Fraîchement couronné par le prix Goncourt, ce deuxième roman de Leïla Slimani est impressionnant par sa construction implacable et par sa capacité à parler autant de l'intimité que de clivage social.

Chanson douce raconte comment une nounou parfaite en est venue à assassiner les deux enfants dont elle s'occupait. Gardant toujours ses distances, l'auteure, qui met cartes sur table dès le début - on sait dès la première page que les enfants sont morts et que c'est leur gardienne la coupable - ne fait ici aucune psychologie.

Elle y décrit, cliniquement, la manière dont Louise devient un rouage essentiel dans la vie du jeune couple qui l'a engagée, et comment sa propre vie est un désert de solitude.

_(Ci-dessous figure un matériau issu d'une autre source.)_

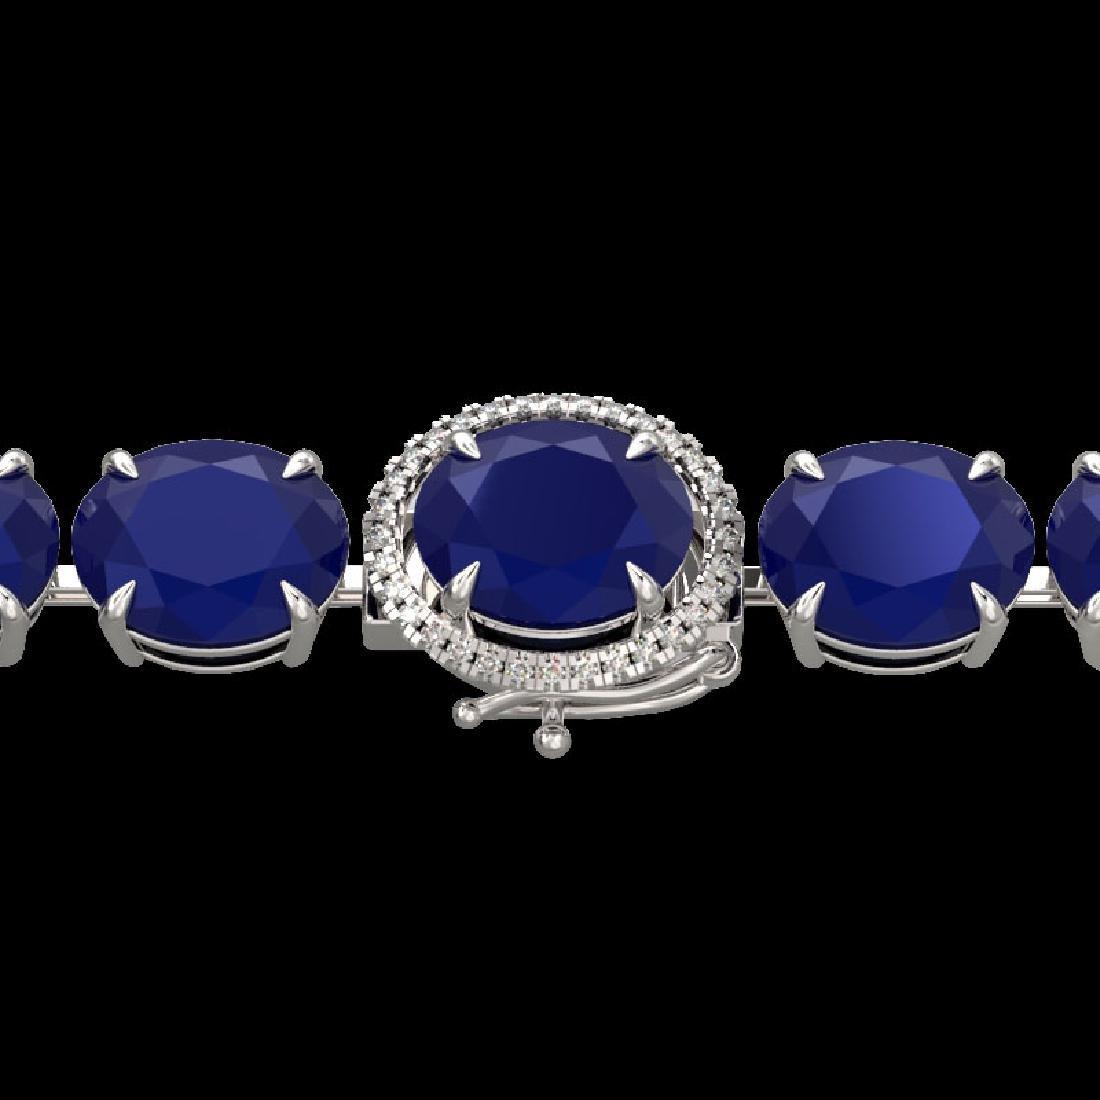 76 CTW Sapphire & Micro Pave VS/SI Diamond Halo

Narré au présent, c'est comme si on était dans l'appartement à observer la lente glissade de Louise vers la psychose, ou au parc à découvrir la vie des autres gardiennes.

Mais cette petite femme aux allures de poupée restera un mystère pour tous - si le livre était porté au cinéma, on imaginerait Isabelle Huppert l'incarner, dévouée mais froide à glacer le sang.

Chanson douce est un livre efficace, écrit au scalpel, par une jeune auteure qui représente une nouvelle mouvance d'écrivaines françaises complètement ancrées dans la réalité d'aujourd'hui. Un prix mérité. 

* * * 1/2

Chanson douce. Leïla Slimani. Gallimard. 227 pages.